Das Gemälde zeigte eine Madonnen-Szene. Amelia hatte die Handschrift des Künstlers sofort erkannt – seine breiten Pinselstriche, die leuchtenden Farben –, auch ohne seine Signatur am unteren rechten Bildrand zu sehen.
„Ja.“ Einen Moment lang herrschte Schweigen. „Aber Sie sind nicht hier, um mit mir über Kunst zu diskutieren, oder, Miss Ashford?“
Sie riss ihren Blick von dem Bild los und sah ihn an. Ihr Puls raste, und sie fragte sich, wieso. „Nein, Mr. Anastakos. Das bin ich nicht.“
Er setzte sich wieder in Bewegung und trat durch eine Doppeltür in einen Raum mit Ledersesseln und einem Flügel. Auch hier hingen Kunstwerke berühmter Maler an den Wänden – die meisten davon bekannter als der Camareli. Aber sie hatte schon immer ein Faible für die weniger namhaften Maler der Renaissance gehabt, und zu denen gehörte Camareli zweifellos.
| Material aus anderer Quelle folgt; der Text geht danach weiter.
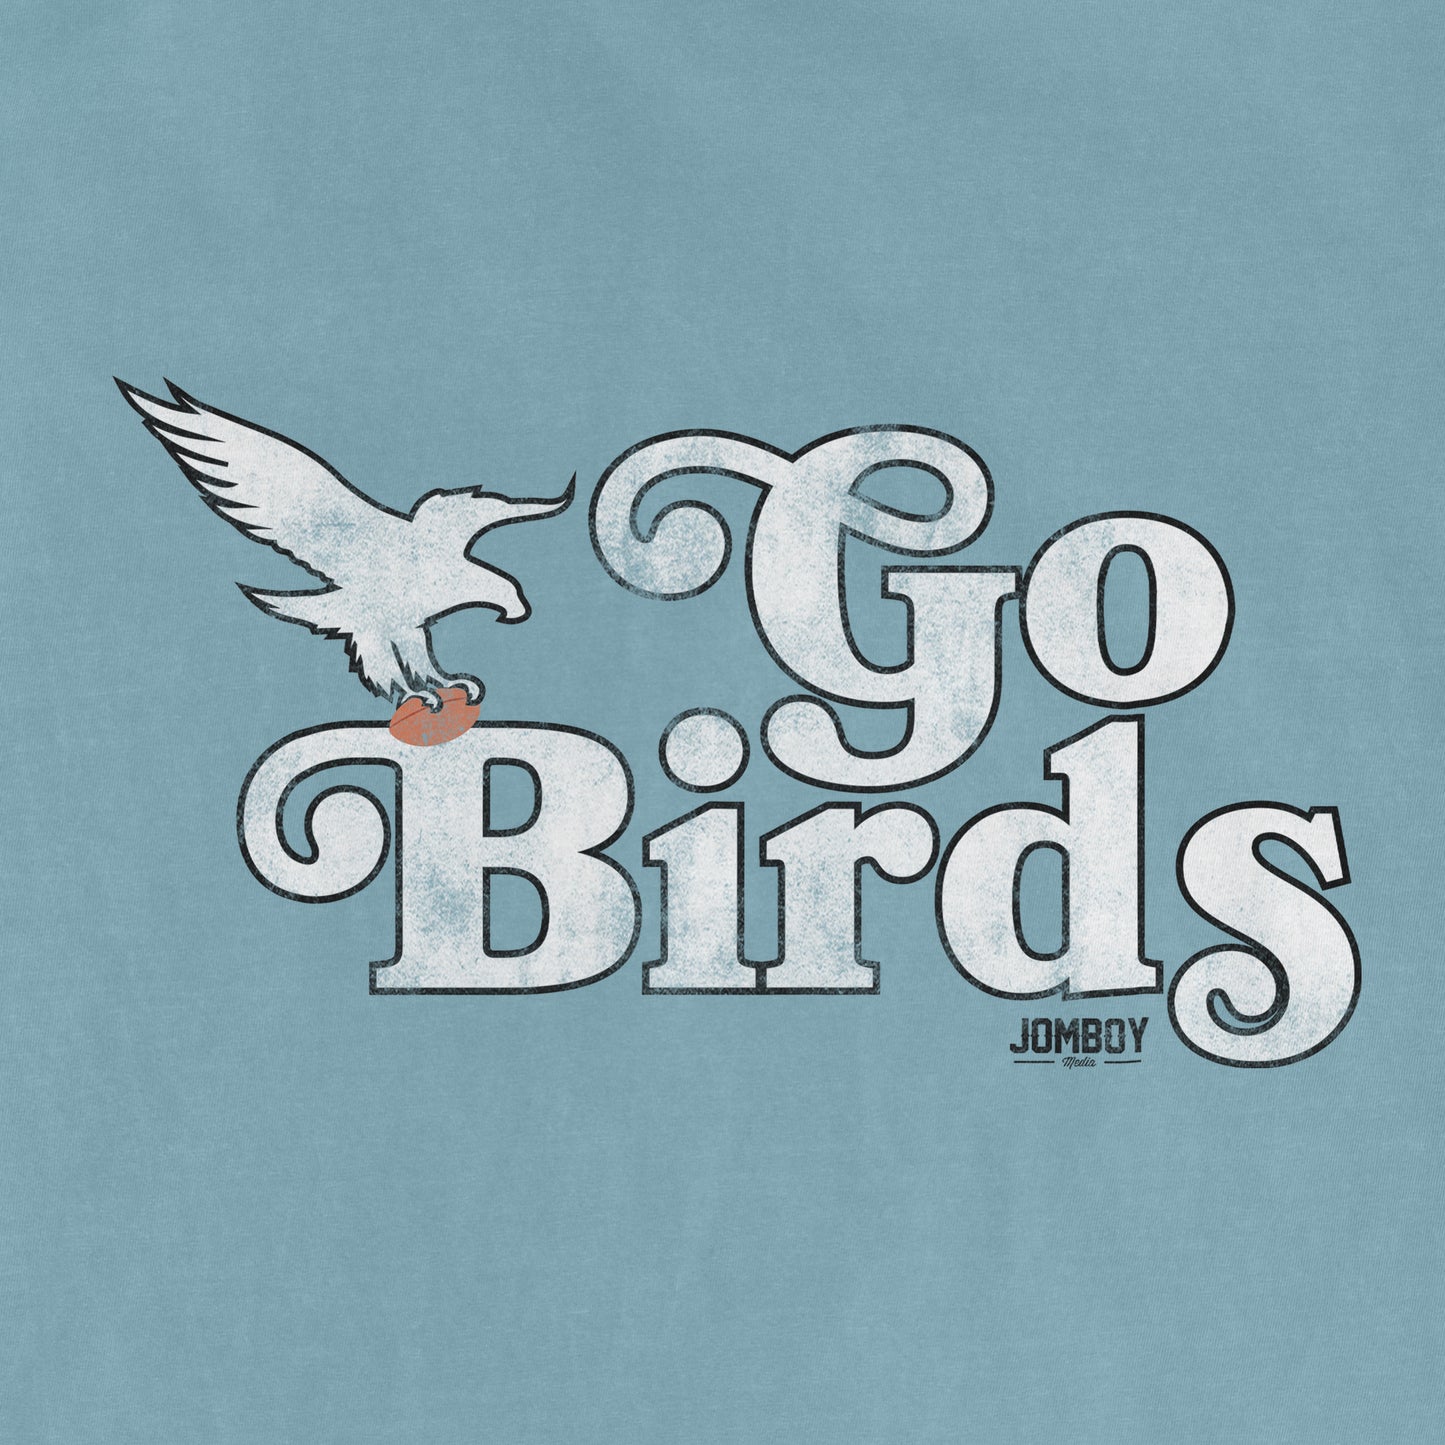 GO BIRDS | Comfort Colors® Vintage Tee

„Maria, Camerons Lehrerin ist hier. Es wird ein paar Minuten dauern.“
Eine atemberaubende Blondine, gekleidet in ein rotes Abendkleid, das ihre perfekten Modelmaße betonte, erhob sich mit der Eleganz einer Ballerina von der weißen Ledercouch. Sie unterzog Amelia der gleichen langsamen Inspektion wie zuvor bereits Santos. Aber während sein Blick sie mit Hitze erfüllt hatte, hinterließ der dieser Frau nur eisige Kälte.
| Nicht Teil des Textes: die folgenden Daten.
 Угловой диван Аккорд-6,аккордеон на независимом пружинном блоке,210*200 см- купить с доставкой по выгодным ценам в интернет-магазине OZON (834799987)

„Aber dann kommen wir zu spät, Darling“, sagte Maria schmollend.
Santos schnaubte abfällig. „Anscheinend kann es nicht warten. Ruf Leo, er wird dir einen Cocktail machen.“
„Okay. Aber hätte ich gewusst, dass der Abend so verläuft, wäre ich nicht gekommen“, beschwerte sie sich, ehe sie sich wieder abwandte.
Amelia konnte sie nur anstarren. Sie war noch nie einer Frau begegnet, die derartig das Bild einer Hollywood-Diva verkörperte. Alles an ihr war Perfektion, von ihrer Figur bis zu ihrem sanft schimmernden Haar, dem makellosen Make-up, den schwindelerregenden Absätzen und den manikürten Fingernägeln.
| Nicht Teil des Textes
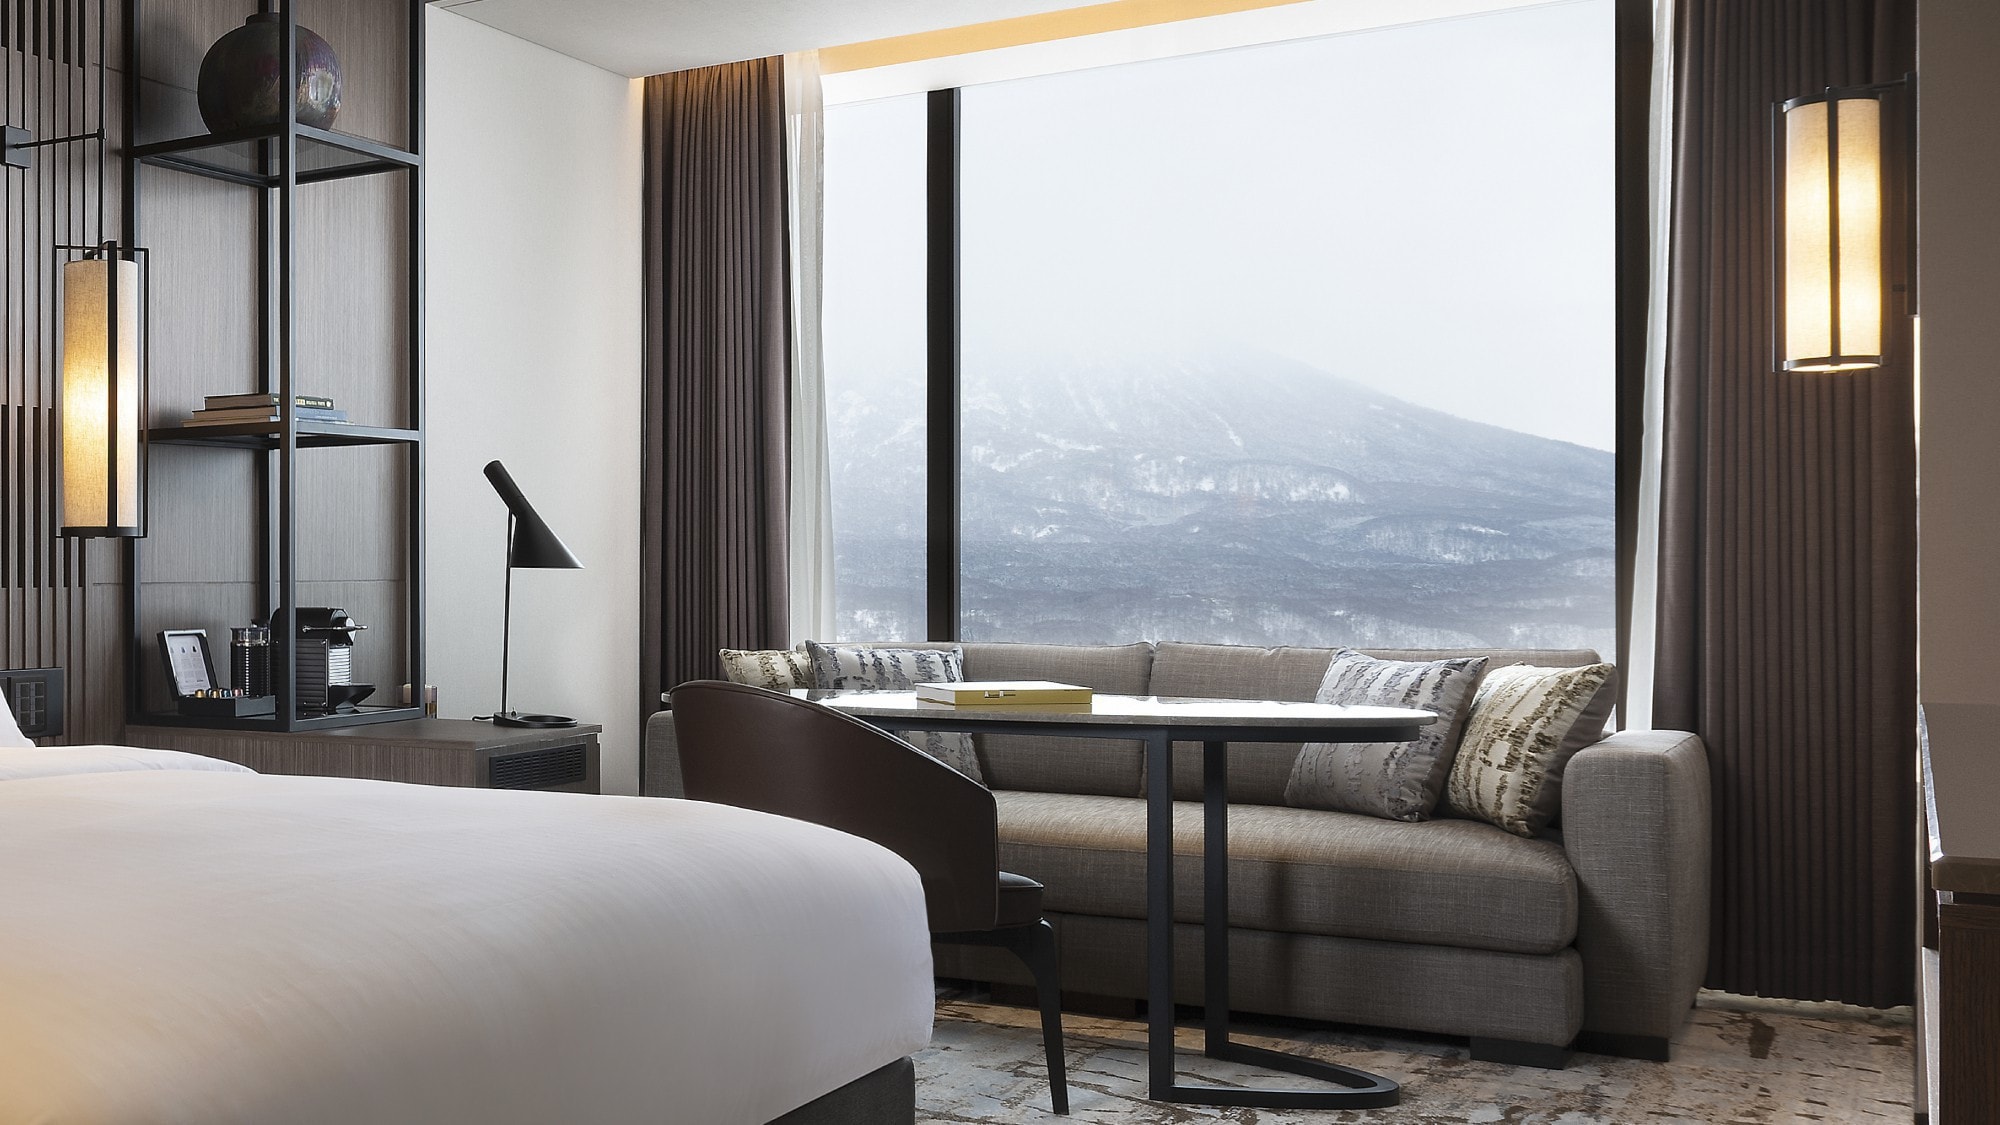 ◆ เชื่อมต่อโดยตรงกับ Niseko Village Ski Resort โรงแรมรีสอร์ทที่ล้อมรอบด้วยธรรมชาติอันงดงามของภูเขา Yotei และ Niseko Annupuri

„Sie ist sehr schön“, bemerkte Amelia, als sie den Raum wieder verlassen hatten.
„Ja.“
Erneut gingen sie über den Korridor, bis Santos vor einer anderen Tür stehen blieb. Diese führte in ein Büro mit moderner Einrichtung und Computern. Auch hier hingen Kunstwerke an den Wänden, außerdem ein großer Spiegel.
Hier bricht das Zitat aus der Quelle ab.